Лунная радуга. Этажи (Повести) - Авдеенко Юрий Николаевич. Страница 30
— Ты и здесь, как с картинки… Не могу представить тебя в латаных валенках и платке…
Она перестала улыбаться.
— Меня ругали по всесоюзному радио… Я поехала на целину и убежала… Первый год там было трудно, но интересно.

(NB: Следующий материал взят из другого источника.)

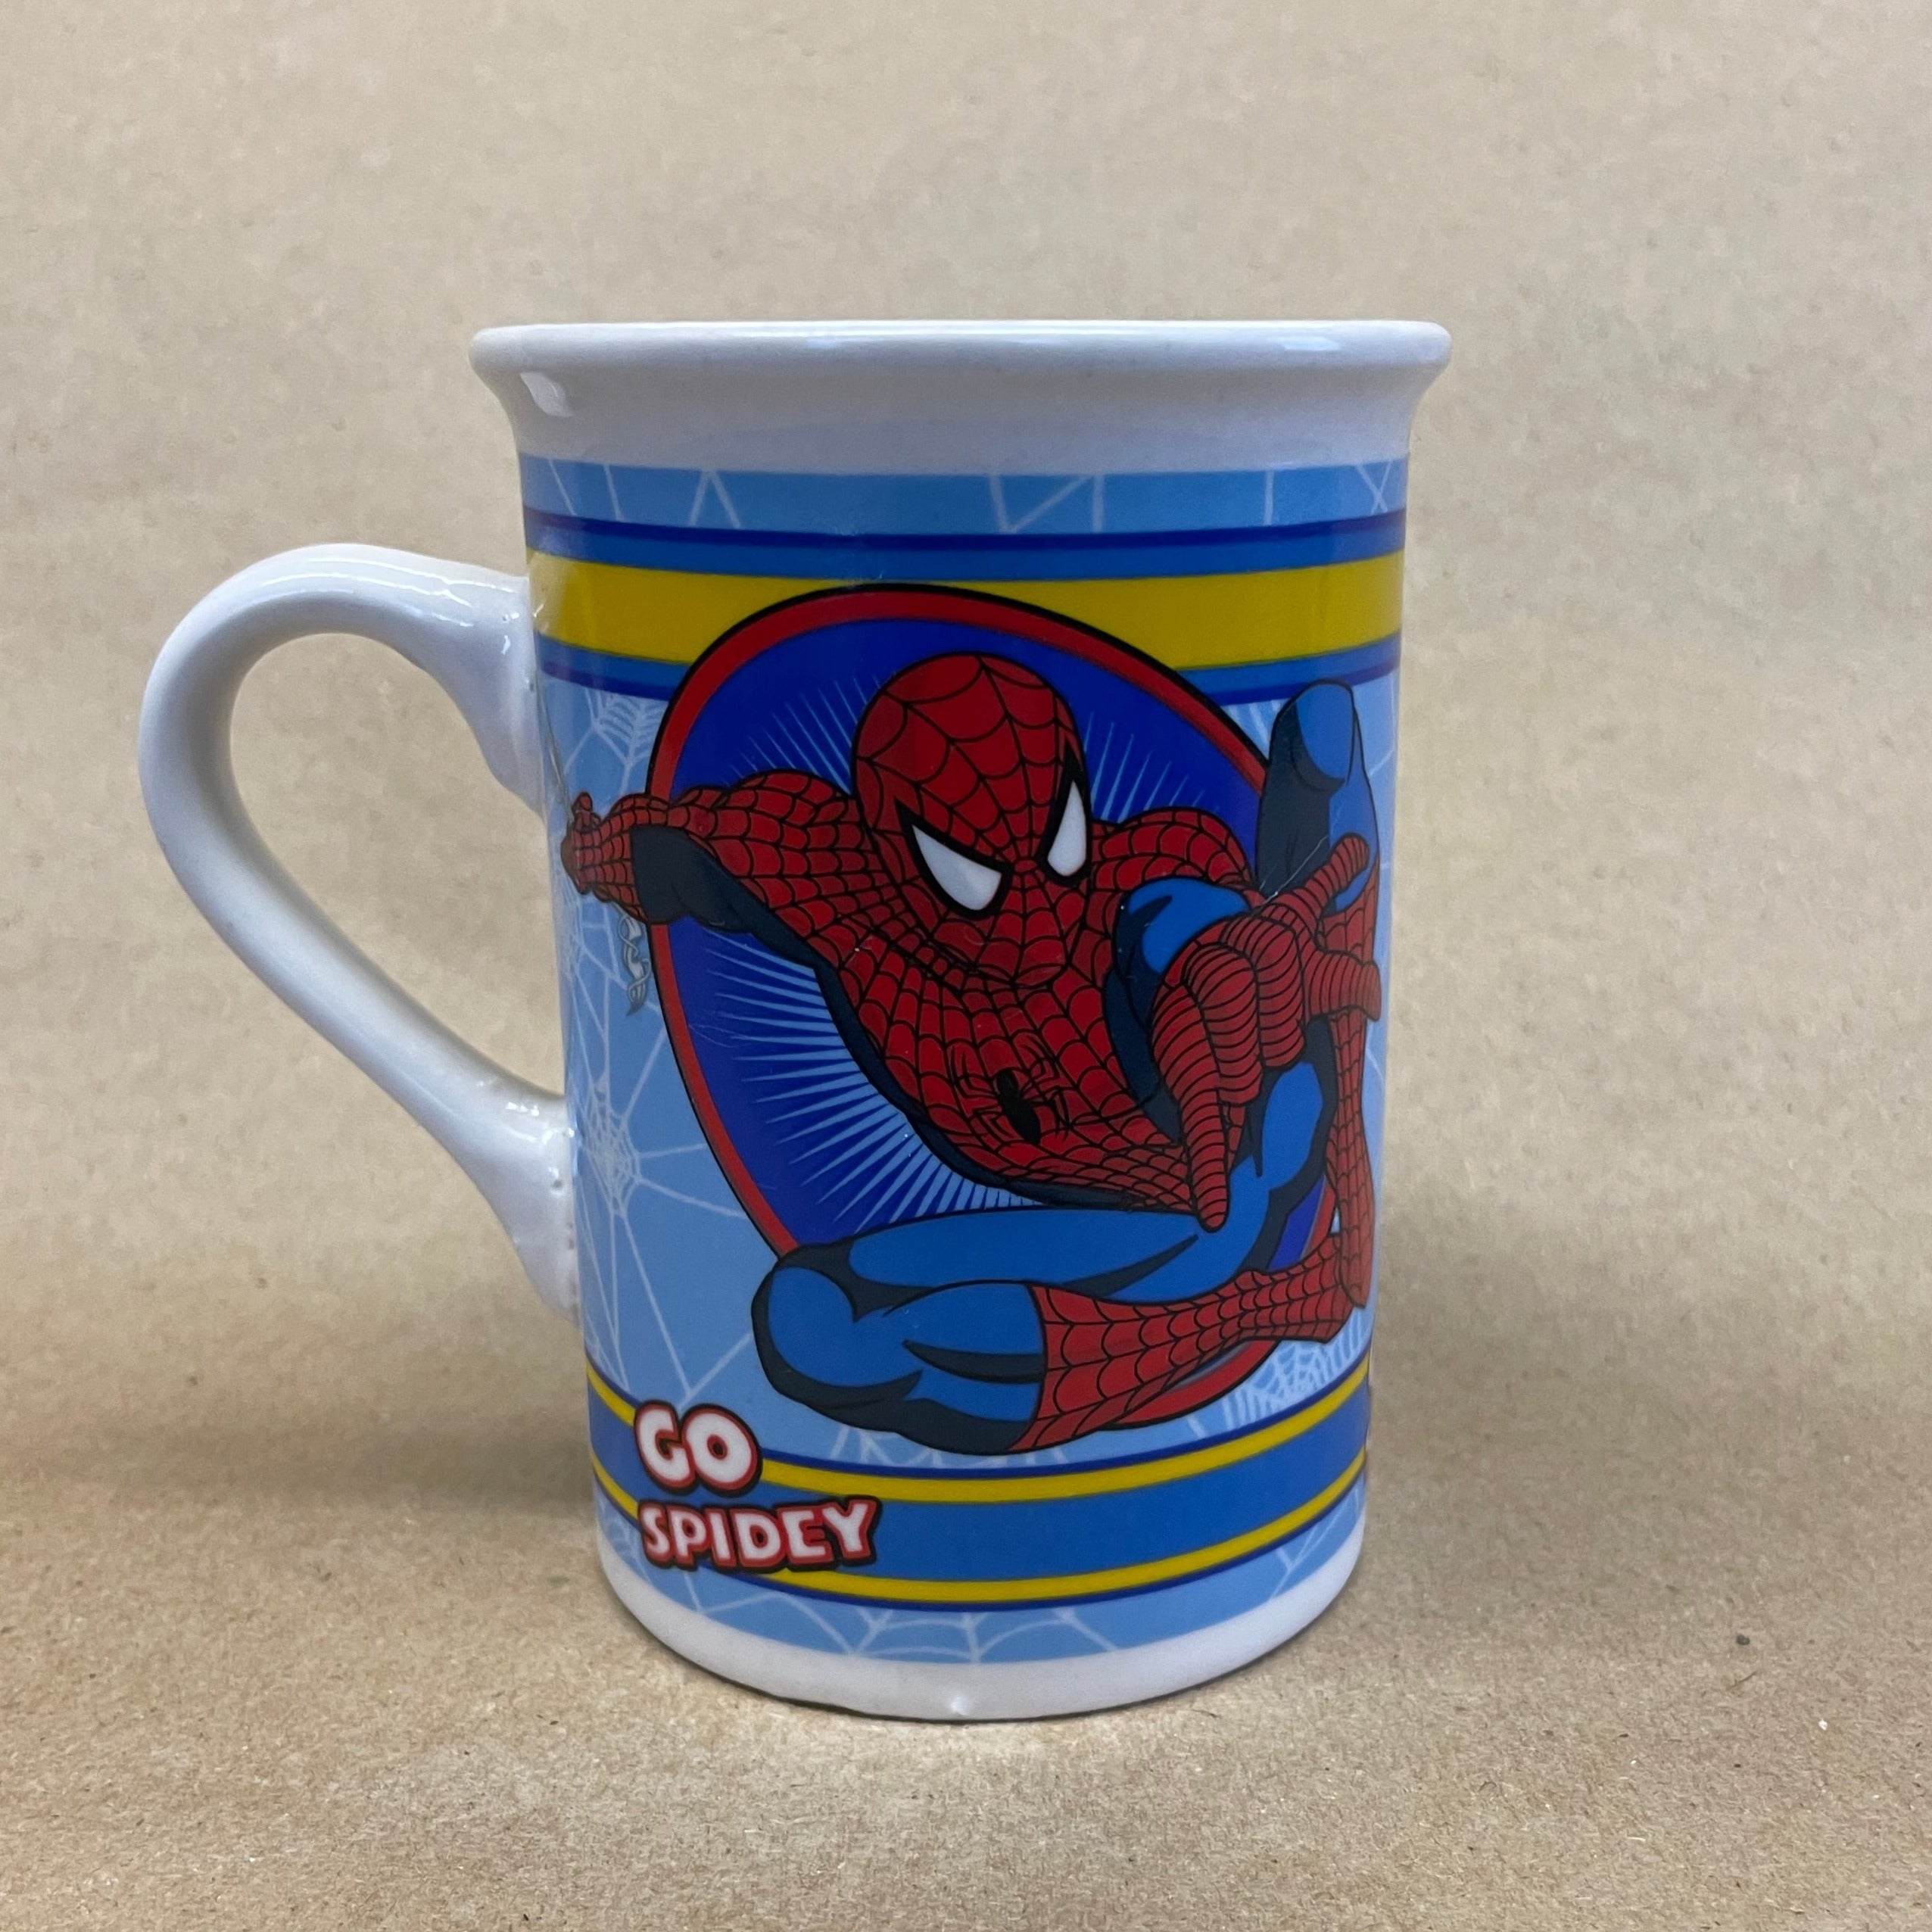 Spiderman Go Spidey Mug-2011

Палатки, мерзлый, как камень, хлеб… И песни и гордость… Первый год… А потом? Жизнь стала налаживаться. Я поняла — там будет как везде. Умные девчата выходили замуж за трактористов и рожали детей. Яслей не было. Девчата сидели дома, не собирали ни грамма хлеба и считались патриотками. А я вернулась в Москву…
— Чтобы выйти замуж в столице. — Я сделал первый выпад.
— Жены нужны и тут… — сказала она, выбирая картошку. — Я жила с ним четыре месяца. На большее не хватило. Он ревновал меня ко всем. Даже вот к этому музею. Он кричал, что стюардессы — это вообще… Говорил всякие гадости…
Я знал, что из нее никогда не получилась бы актриса, она быстро увлекалась, и забывала свою роль, и становилась нормальным человеком. И даже очень хорошим.
Но стоило ей замолчать и немного подумать, как она вновь начинала пижониться. И это я замечал уже, когда мы учились в школе.
— Знаешь что, — сказал я. — Большое упущение со стороны государства, что девчонок в обязательном порядке не призывают в армию. Конечно, на флот вашего брата, вернее, сестру пускать не нужно. Но для пехоты вы вполне созрели. И чтобы на пузе поползать, на посту помокнуть, окопы порыть. Хотя бы годик. И старшиниху бы вам такой закваски, как наш боцман Шипка… Сколько бы в стране сокровищ появилось.
— Такое ценное предложение нужно зафиксировать на бумаге. И послать в Верховный Совет.
— Вот вымоем руки… Надеюсь, бумага в доме найдется.
— Сколько угодно… Ты по-прежнему пишешь стихи?
— Нет.
— А я думала, ты станешь поэтом.
— У меня другие планы.
— Какие?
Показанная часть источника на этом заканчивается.